Внутри. Страница 11
– Квартирой? – тут же реагирует мама. – Какой квартирой? Где?
– Моей, мам. Ты же не думала, что я буду жить с вами?
– Нет, но… Ты ведь только что приехал, Аверьян! Дай мне тобой наглядеться и побыть рядом!
– Ника, – смотрит на нее отец. – Он не говорит, что съедет от нас уже завтра. Аверьян делится своими планами на ближайшее будущее.
– Вы с сестрой с самого утра решили свести меня с ума! – качает она головой и снова смотрит в свой телефон. – Что ж, это тоже интересно. Новый опыт.
– Мам, – обращаюсь к ней, опустив руки на стол. – Я не хочу обижать тебя. Не хочу задеть твои чувства. Но, прошу, перестань, пожалуйста, так её называть. Адель мне не сестра. И я ей не брат. Я знаю и совершенно спокойно и нормально отношусь к тому, что она ваша дочь. Но мы с ней никак не связаны. Совсем. Я очень надеюсь на ваше понимание, – смотрю на обоих.
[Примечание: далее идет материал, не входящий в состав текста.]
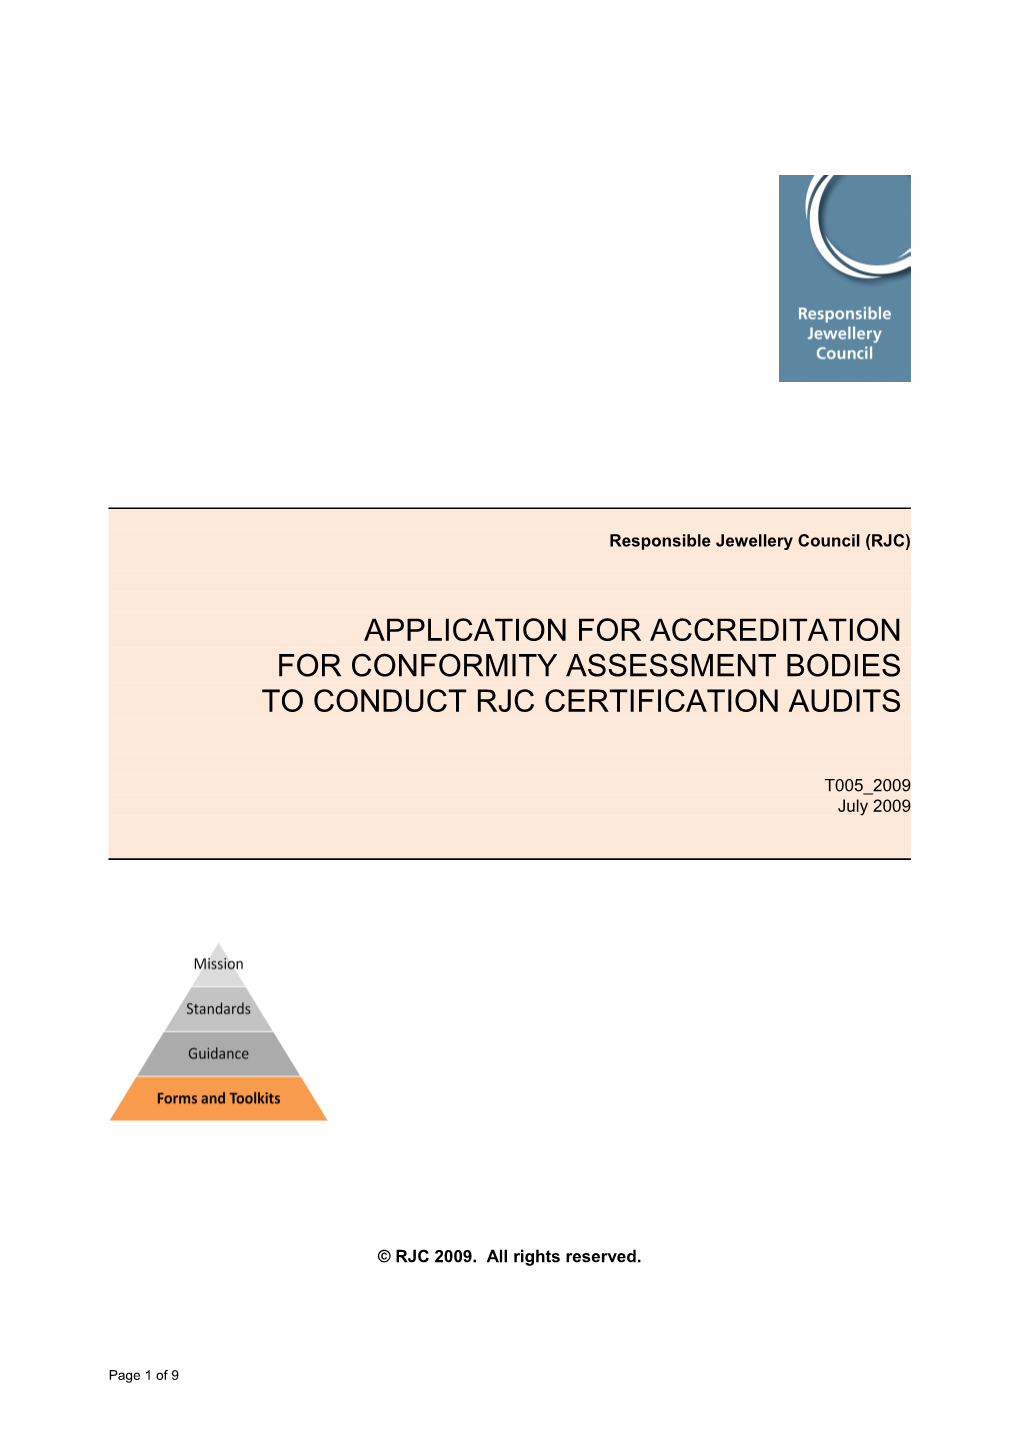 Application for Accreditation for Conformity Assessment Bodies to Conduct Rjc Certification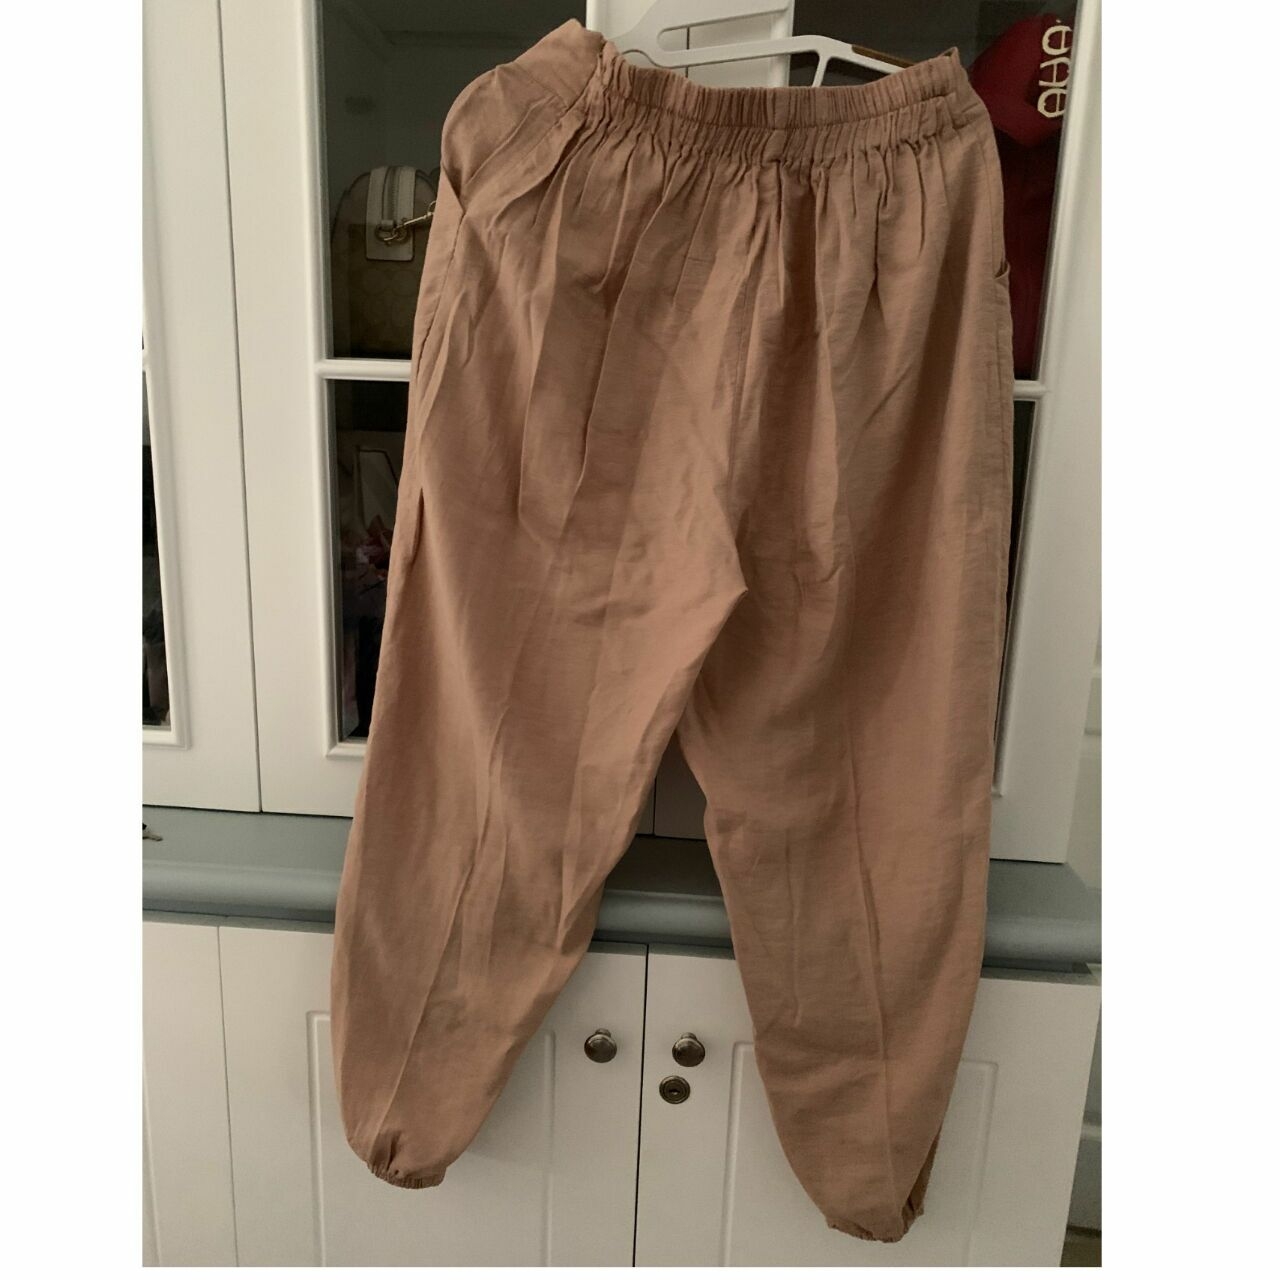 Chic Simple Nude Long Pants

– Хорошо, – произносит мама, взволнованно глянув на отца. – Мы просто привыкли так вас называть и… Конечно. Как скажешь.
Привыкли? И сколько же раз на дню Адель приходилось слышать это нелепое «брат и сестра»?
– У нее снова не работает телефон! – бросает мама с раздражением. – Она даже не подумала написать мне сообщение, что уехала и добралась до дома без приключений!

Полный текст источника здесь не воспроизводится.